Information source: The University of Hong Kong
ClinicalTrials.gov processed this data on August 23, 2015
Link to the current ClinicalTrials.gov record.

Condition(s) targeted: Novel 2009 Influenza A (H1N1) Infection

Intervention: Hyperimmune intravenous immunoglobulin (Drug); Intravenous immunoglobulin (Drug)

Phase: N/A

Status: Completed

Sponsored by: The University of Hong Kong

Official(s) and/or principal investigator(s):
Ivan FN Hung, MD FRCP, Principal Investigator, Affiliation: The University of Hong Kong

Summary

Treatment with hyperimmune intravenous immunoglobulin (H-IVIG), derived from convalescent plasma from patients recovered from H1N1 2009 influenza A infection, for patients with severe H1N1 2009 infection will decrease mortality, reduce viral load, and shorten the length of stay in ICU and hospital.

Clinical Details

Official title: Hyperimmune Intravenous Immunoglobulin Treatment for Severe H1N1 2009 Infection

Study design: Allocation: Randomized, Endpoint Classification: Safety/Efficacy Study, Intervention Model: Parallel Assignment, Masking: Double Blind (Subject, Caregiver, Investigator), Primary Purpose: Treatment

Primary outcome: Mortality

Secondary outcome:

Adverse events

ICU length of stay

Hospital length of stay

Nasopharyngeal viral load

Cytokine/ chemokine

Detailed description: Since the emergence of the novel swine origin influenza A virus (H1N1 2009) in Mexico in March 2009, the virus has led to a pandemic in over 170 countries, resulting in over 180 thousands microbiologically confirmed cases and over 18000 mortality. This strain represents a quadruple re-assortment of two swine strains, one human strain, and one avian strain of influenza.

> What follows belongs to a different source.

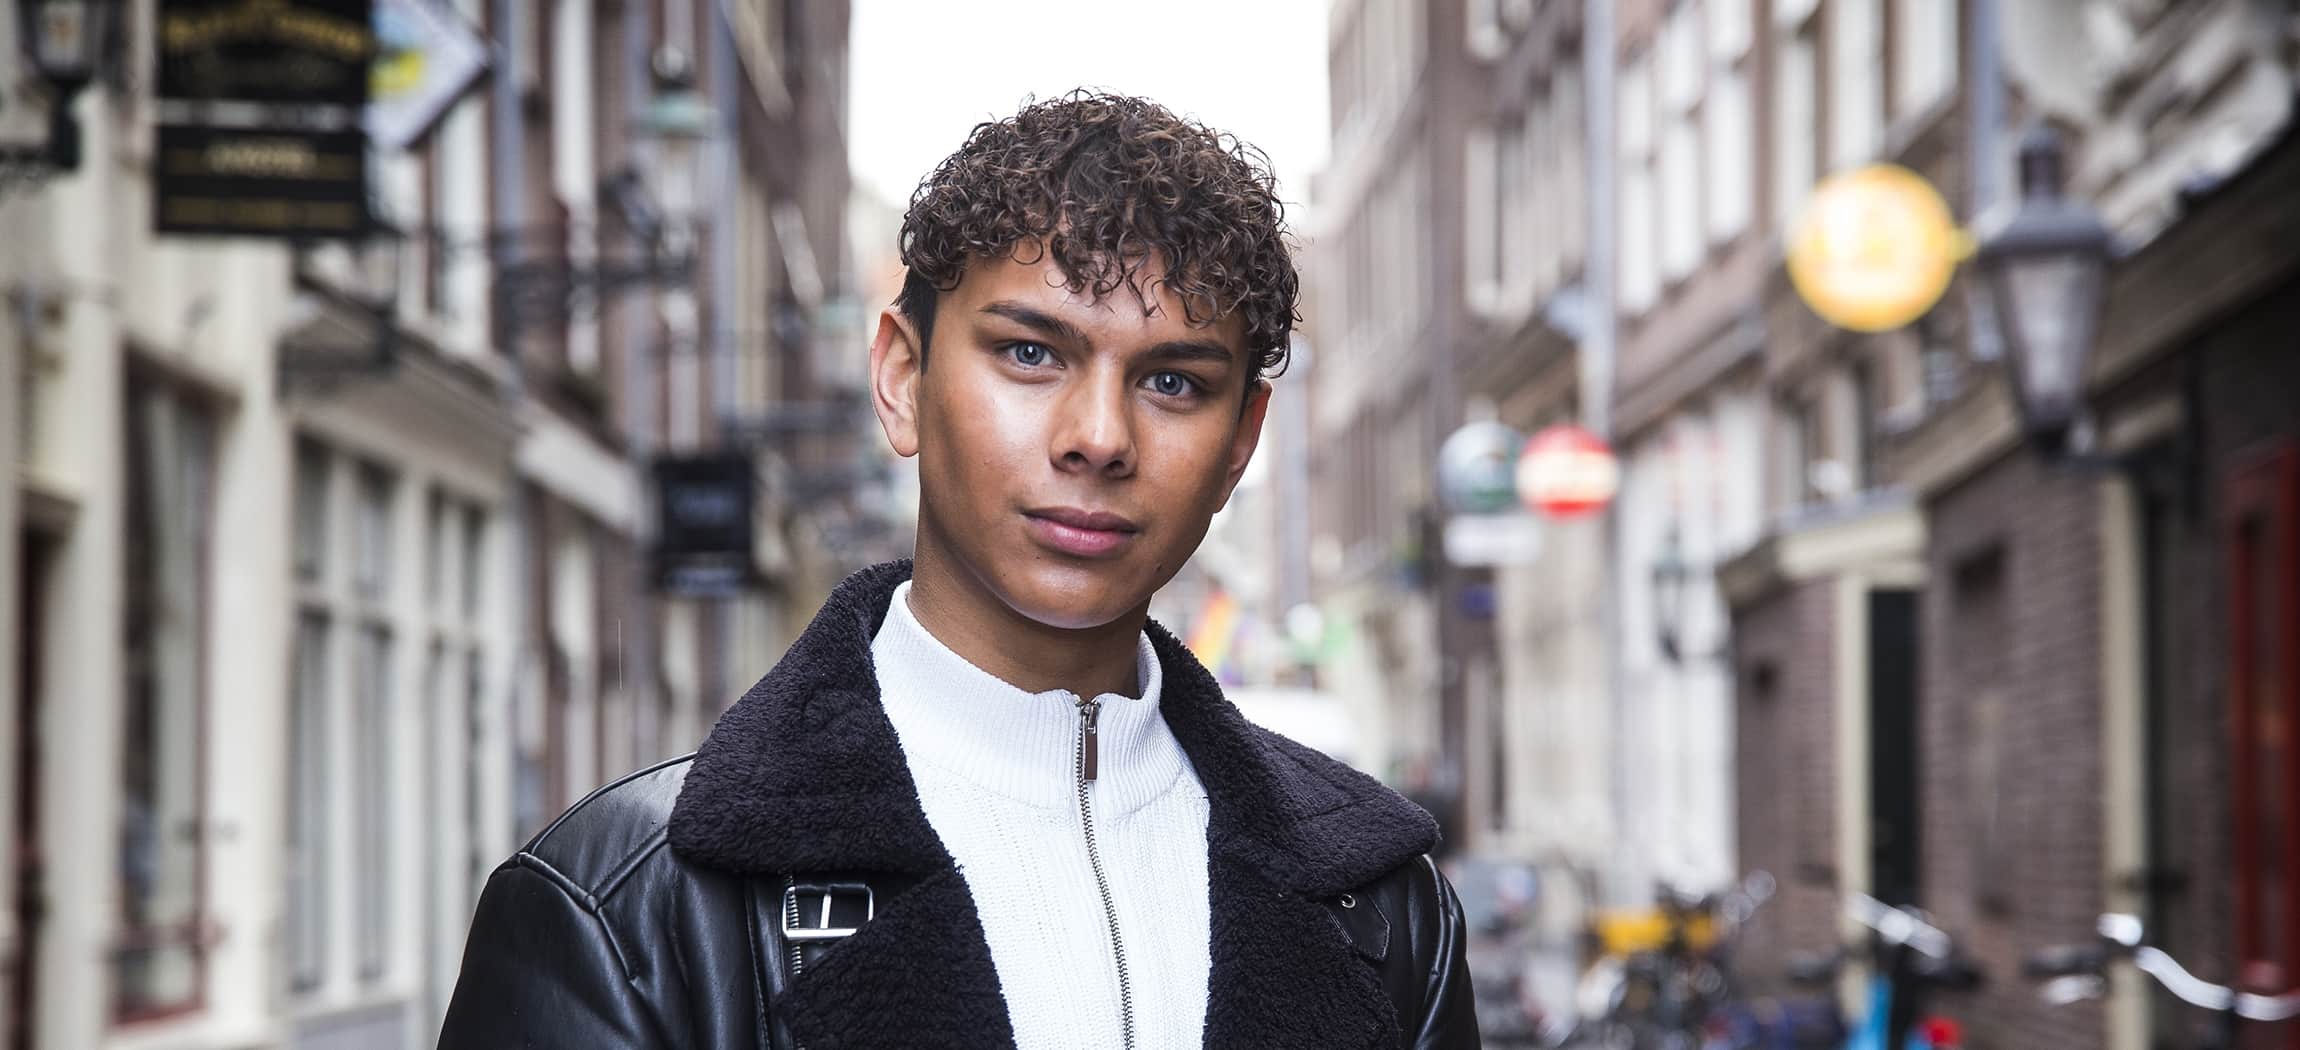 Student Jairo staat in een straat in Amsterdam en kijkt in de camera

Although the H1N1 2009 is causing a mild disease and has a relatively low mortality rate currently in Hong Kong, severe cases have been reported. Patients infected with severe H1N1 2009 have overwhelmed the intensive care services in these countries and the mortality has rose up to 6% in Argentina and Brazil, and 0. 4% in Australia. This is very much higher than the 0. 06% mortality rate of the seasonal flu. Furthermore, there were reports of H1N1 2009 oseltamivir resistance and zanamivir is difficult to be delivered to the consolidated lungs in the severe cases when such drug is most needed. In Hong Kong, vaccination for the H1N1 2009 was prioritised to the older people aged 65 or above with chronic illness, younger people with chronic illness and health care workers. The healthy adults aged 18 to 65, who are most at risk of developing severe H1N1 2009 was not covered by the vaccination program. Experience from 1918 H1N1 pandemic and single case report on the treatment for severe H5N1 infection (Zhou et al. 2007) showed that hyperimmune convalescent plasma is useful (Luke et al. 2006). Mice experiments also showed that antibody therapy is highly effective in the case of H5N1 infection (Heltzer ML et al. 2009, Writing Committee of the Second World Heath Organization, 2008). Therefore, convalescent plasma from patients recovered from H1N1 2009 infection can be harvested to prepare for hyperimmune intravenous immunoglobulin (H-IVIG) and the prepared H-IVIG can be assessed in a randomised controlled trial for treatment of patients with severe H1N1 2009 infection.

Eligibility

Minimum age: 18 Years. Maximum age: N/A. Gender(s): Both.

Criteria:

Inclusion Criteria:

- (fulfill all criteria): male or female patients 18 years or older

- written informed consent by patient or next of kin (if patients too ill)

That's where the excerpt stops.